Thu Jun 18, 2020 12:58 pm

novarupta wrote:
Hard to really call the situation “bad/wrong timing” given that its closest (same-generation) competitor doesn’t exactly have any orders itself - and given all the possible deferrals coming down the line due to this pandemic it may actually work out in their favour.

Either way they just announced a management shakeup so it’s a step in the right direction. They’re not the first nor the only company who’s had major delays in a new project.

The management shakeup was needed. A new chief engineer helps.
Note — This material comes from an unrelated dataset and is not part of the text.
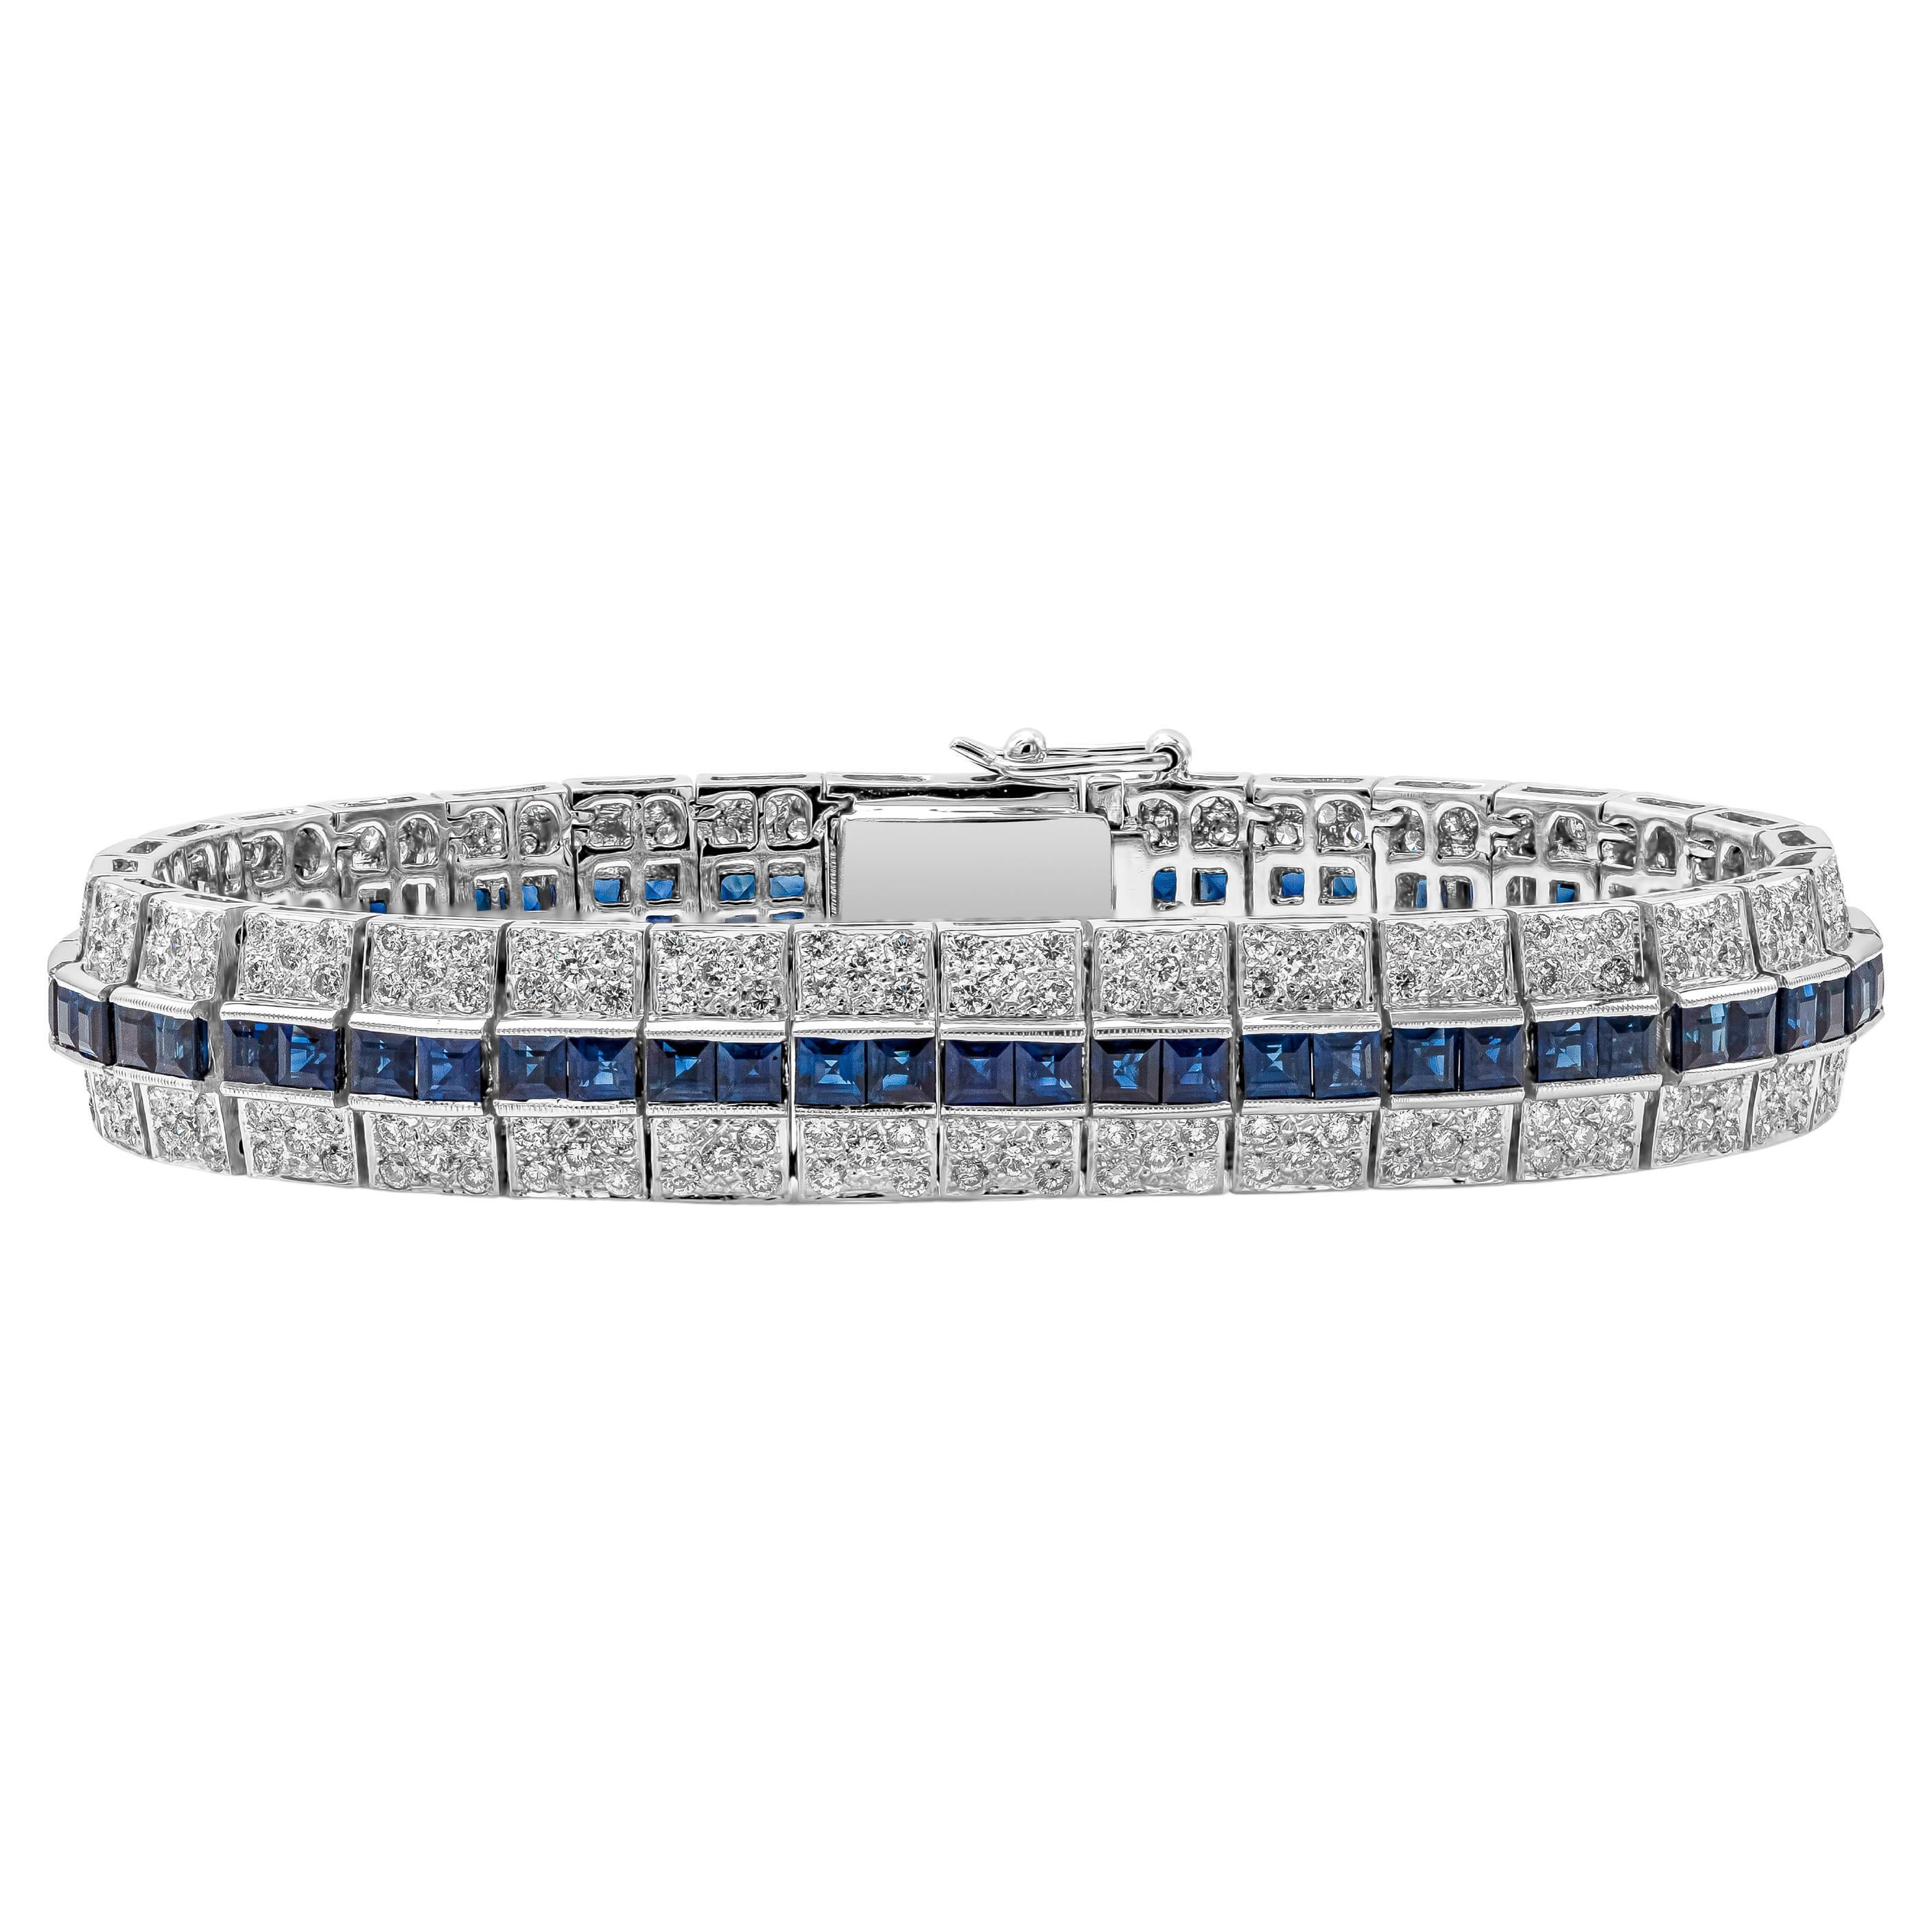 13.22 Carats Total Round Diamond and Square Cut Blue Sapphire Tennis Bracelet

Good news the problems will be fixed. I hope the M90 timeline holds (or something close). I believe there will be an M100. The reality is, the CF-34-8 was out of date at EIS. That is the weak link of prior jets.

My experience on the PW1200G was a long time ago. Mitsubishi didn't know how to write an ICD gor engines. Pratt countered with a new requirements document: e.g., proper anti-ice, climb, flight idle, cruise variation, thrust response curves, nacelle drag allowance, line maintenance.

There are details done right. The backup engine start is unique. I laughed when I first designed in some requirements. Then I asked, why isn't that the standard? The quick summary is the MRJ has weight added to reduce the need for tools for daily checks or opperations, including backup (manual) engine start. Operation is much simpler than any other engine despite the same parts doing the operation.

Mitsubishi patented a lot of their ideas, so Embraer must have a very different nacelle.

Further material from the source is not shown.